The appeal of ‘The Big Lebowski’ is now so well established that it hardly seems surprising it should be one of the films chosen to kick off a new series of canon-defining BFI Classics (along with studies of ‘City Lights’, and – cover your mouth when yawning – ‘Lawrence of Arabia’). This isn’t even the only book on ‘…Lebowski’ out this month. The founders of Lebowskifest – a bowling- based, fancy dress-wearing, Creedence-grooving, White Russian-quaffing celebration of all things Dude – have written ‘I’m A Lebowski, You’re A Lebowski’ (Canongate, £12.99), a fan’s guide to the film filled with trivia, interviews and anecdotes.

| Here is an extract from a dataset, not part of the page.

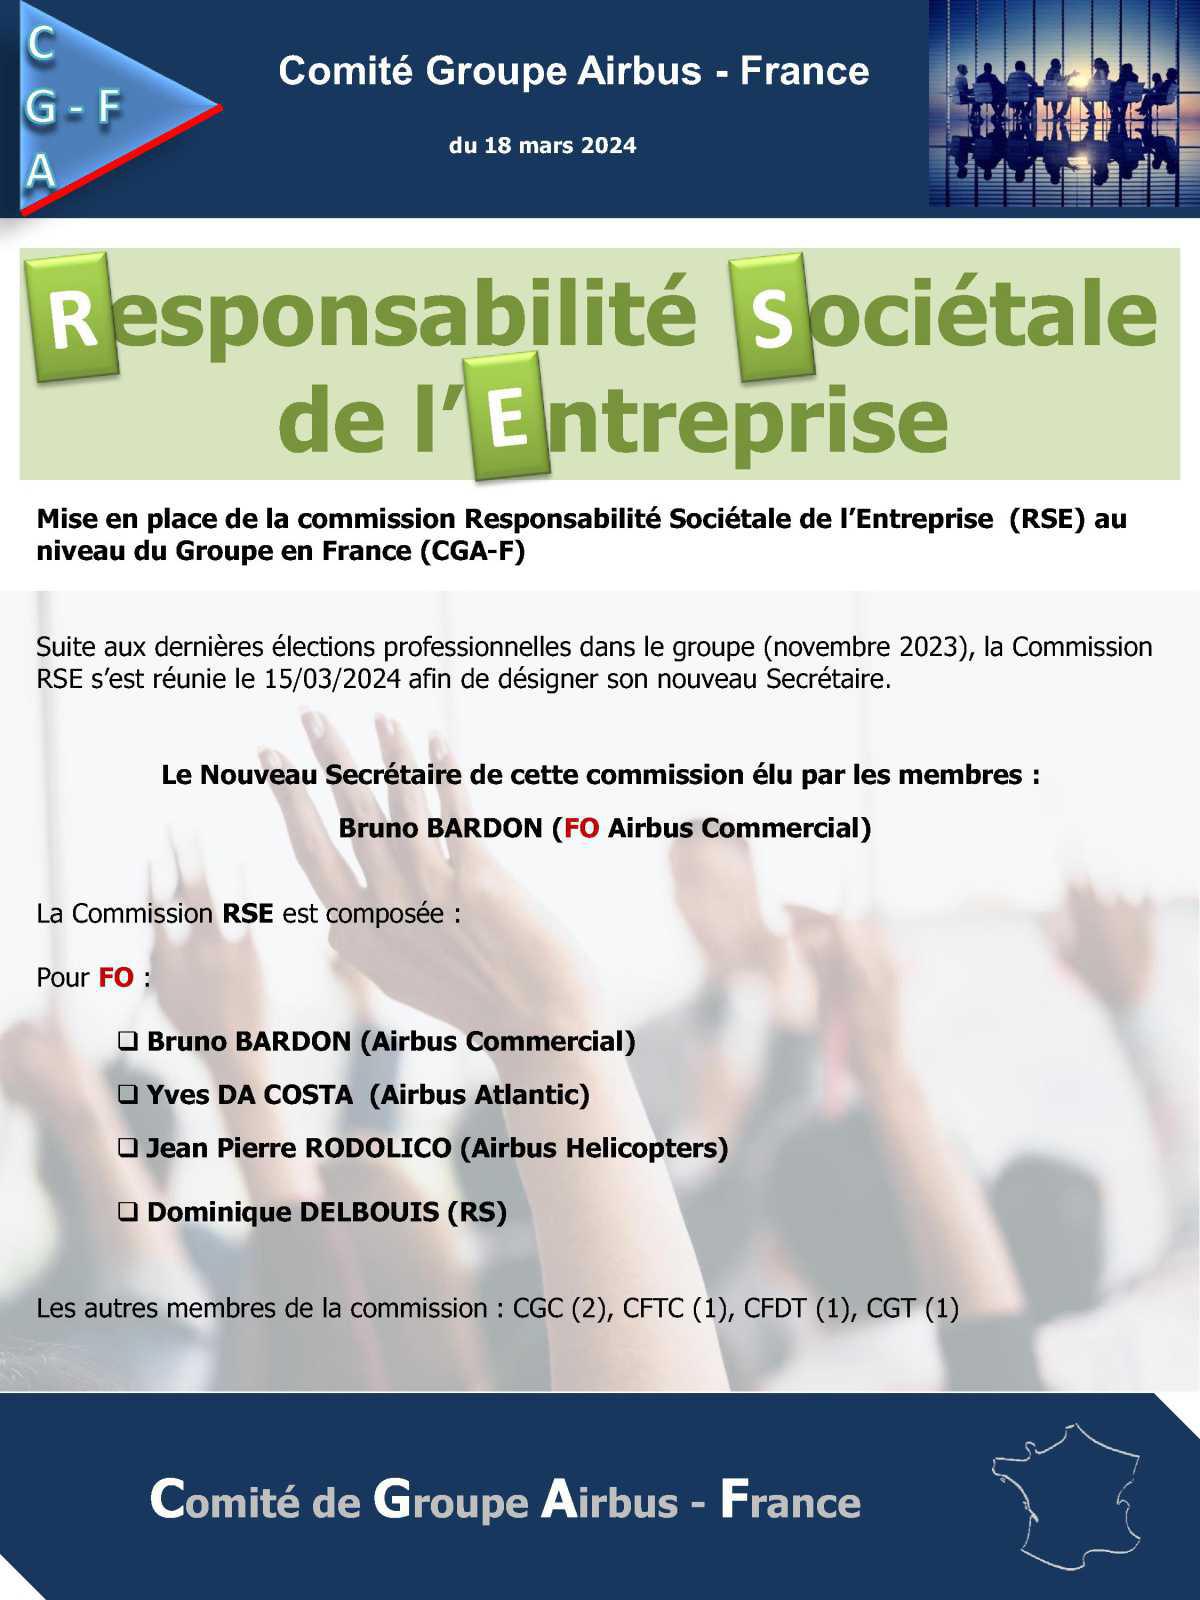 CGAF: Mise en place de la commission Responsabilité Sociétale de l’Entreprise (RSE) au niveau du Groupe en France

Read it and learn that somebody really did confront a schoolkid with homework discovered in the back of a stolen car; the authors have tracked down both the self-styled PI and the errant schoolboy.

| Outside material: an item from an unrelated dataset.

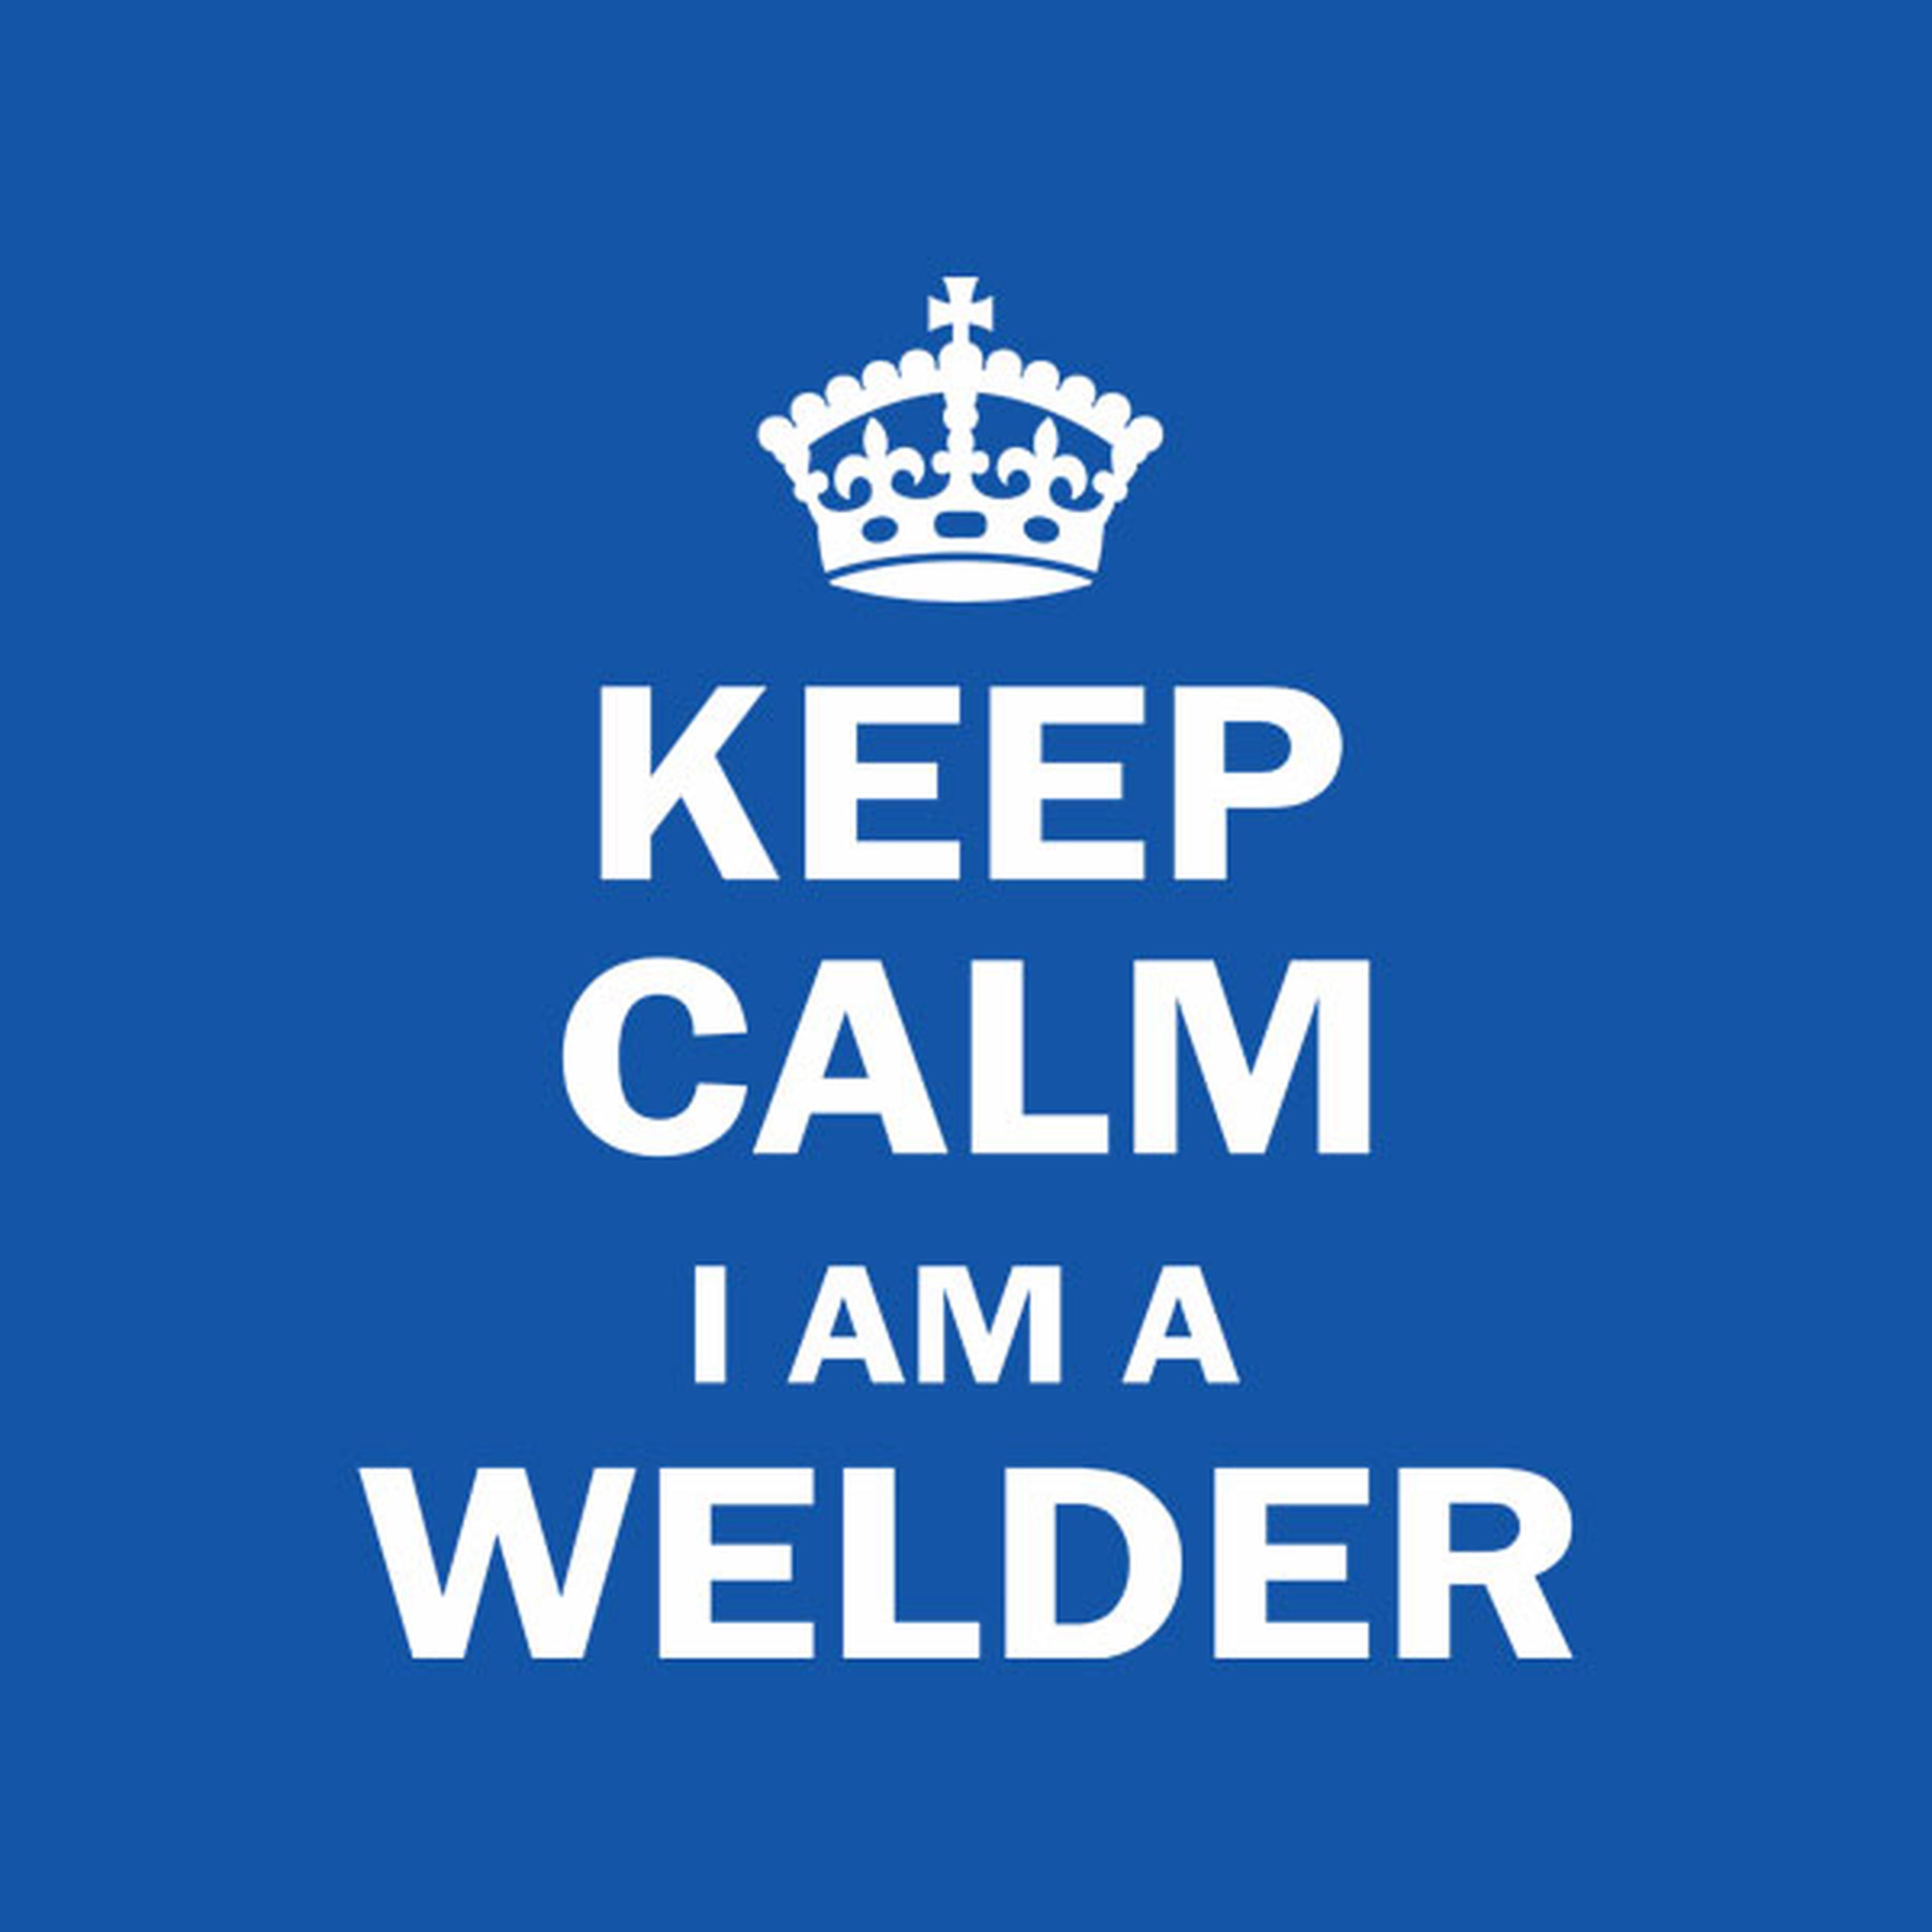 Keep calm I am a welder - T-shirt

Tyree and Walters’ is a more scholarly treatise. The danger you face with a BFI Classic is that given the prospect of filling 25,000 words rather than their usual 800, critics will make statements of increasing stupidity and chin-stroking contrariness in a bid to justify their existence. Walters, Time Out’s deputy film editor, and Tyree, avoid such dangers by identifying the two key quotes in the film – ‘What makes a man?’ and ‘Fuck it, Dude. Let’s go bowling’ – and honing their exposition around these twin themes of (Hollywood) notions of masculinity and a philosophical prioritisiation in favour of fun. It’s the latter, they conclude, that makes ‘…Lebowski’ such a joy; few pastiches are so devoid of cynicism as the Coen brothers ‘work backwards through irony… to real emotional content’. They locate the film within a literary comedic tradition that includes Laurence Sterne, Mark Twain and Henry Fielding.

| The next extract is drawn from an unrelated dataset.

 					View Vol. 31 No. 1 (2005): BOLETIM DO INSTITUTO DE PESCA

The authors also focus on the ghost bonds between ‘…Lebowski’ and its spiritual cinematic grandfather ‘The Big Sleep’, illustrating their smart observations with a great selection of stills from both films that really tie the book together. It’s a pity that there’s little room here to discuss the third key film in this unofficial LA trilogy, Altman’s ‘The Long Goodbye’, a Marlowe homage/pastiche that anticipated, informed and adds depth to much of what the Coens did with ‘…Lebowski’. Other minor, fanboy quibbles aside – an overtuned gaydar for The Stranger; a misreading of Walter’s streetfighting style; a ‘Madame Bovary’ for a ‘Modesty Blaise’ – this is terrific stuff, intellectually engaging, visually appealing and shot through with wit and insight. Mark it eight.